**Task to complete:** Up to and including the line holding "- reduce risk of circulatory diseases", write out the data exactly from its first line, but not the pictures.

**Data provided:**
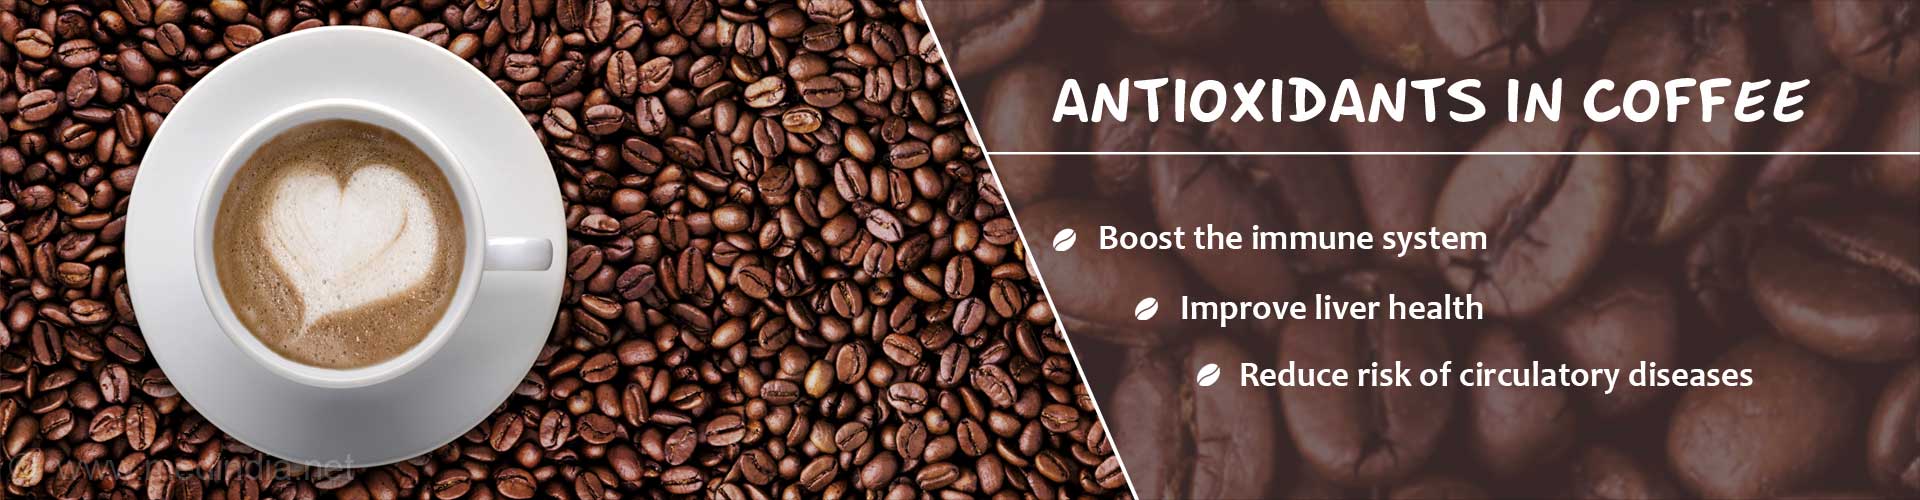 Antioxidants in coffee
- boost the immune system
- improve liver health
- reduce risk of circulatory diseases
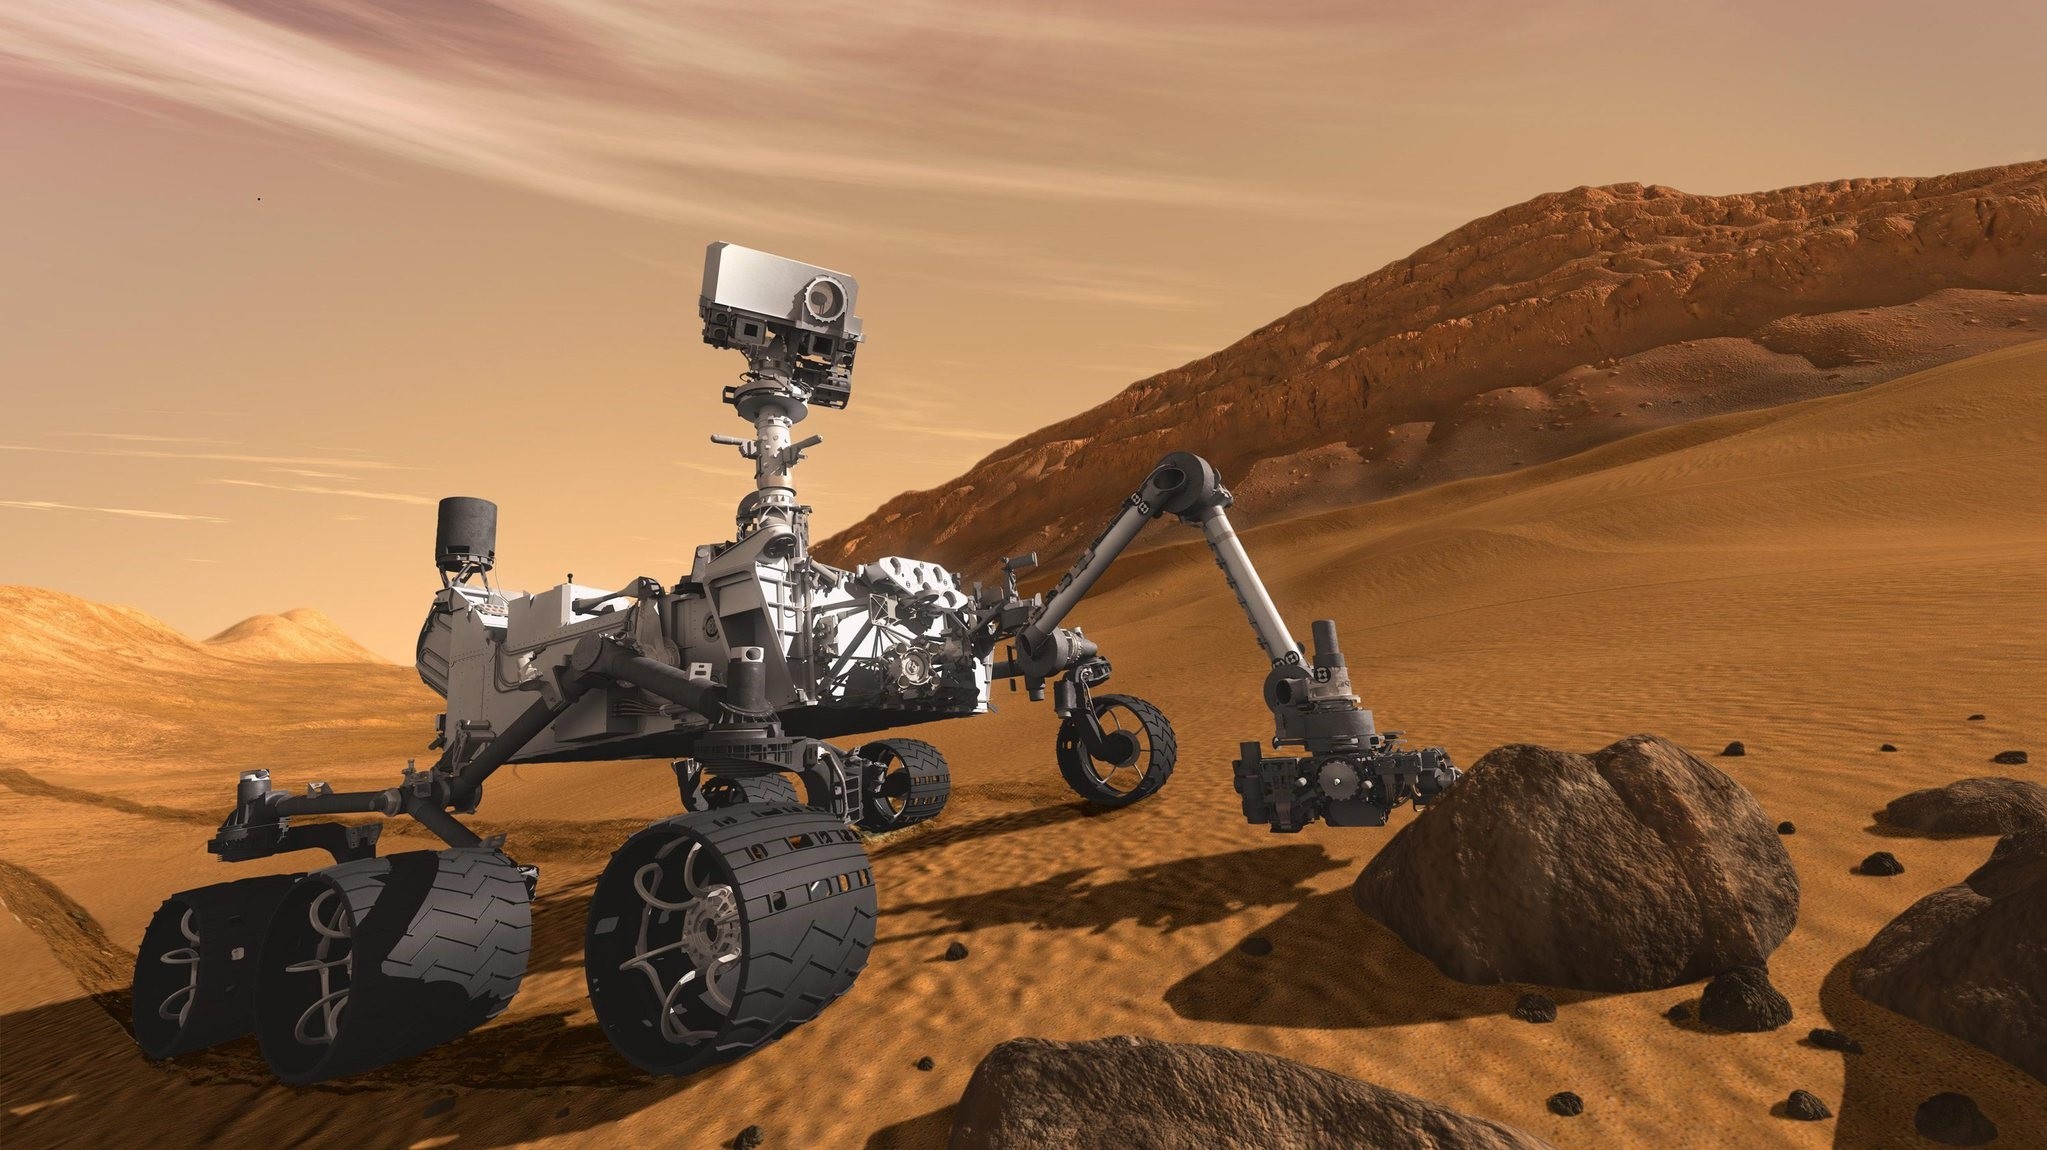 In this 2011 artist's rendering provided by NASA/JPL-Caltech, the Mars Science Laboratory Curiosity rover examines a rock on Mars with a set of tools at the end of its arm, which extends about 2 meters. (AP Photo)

**Answer below:**
 Antioxidants in coffee
- boost the immune system
- improve liver health
- reduce risk of circulatory diseases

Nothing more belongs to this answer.